Posts Notes for Analysing Malicious PDF Documents
Post
Cancel

Notes for Analysing Malicious PDF Documents

Purpose

The purpose of this post is to cover steps & tools for analysing malicious PDF documents. I will be using both the FlareVM and REMnux for analysis purposes. The steps taken will be covered in the following order below:

1. Understand the PDF file structure

2. Identify point of interests during Analysis

3. Tools to find and extract data

I will be using the following malicious PDF file (badpdf.pdf) throughout this post.
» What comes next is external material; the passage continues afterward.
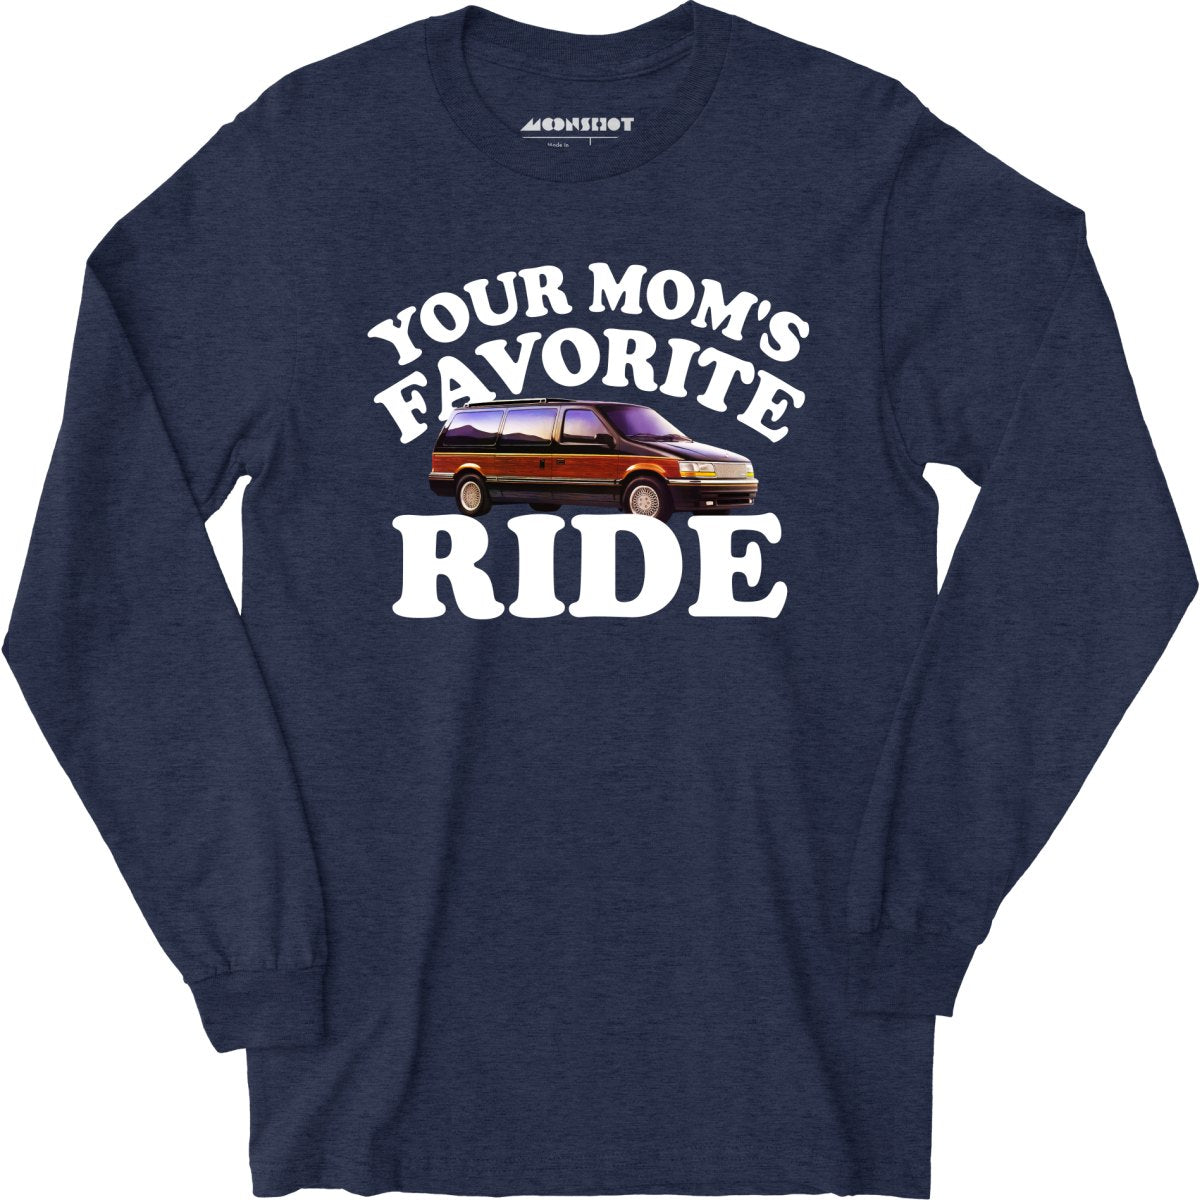 Your Mom's Favorite Ride - Long Sleeve T-Shirt

The file is available from hybrid-analysis (HA) with the following hash:

MD5: 2264DD0EE26D8E3FBDF715DD0D807569

SHA256: ad6cedb0d1244c1d740bf5f681850a275c4592281cdebb491ce533edd9d6a77d

(WARNING! Download at your own risk!)

1. Understand the PDF file structure

PDF (Portable Document Format) is a file format used to present documents that include text, images, multimedia elements, web page links and more. it consists of objects contained in the body section of a PDF file; it also supports scripting capabilities in the form of Action Scripts (such as JavaScript).

There are 4 sections in a PDF file:

  1. Header (contains the version number of the pdf file)
  2. Body (contains objects - obj values (1 0) denotes its name and its version number, obj & endobj refers to the beginning and end of an object, contains catalog and stream objects)
  3. Cross Reference Table (allows the pdf parser to quickly access every object inside the Body, begins with the keyword xref)
  4. Trailer (contains overall info about the PDF, points to the start of Cross Reference Table)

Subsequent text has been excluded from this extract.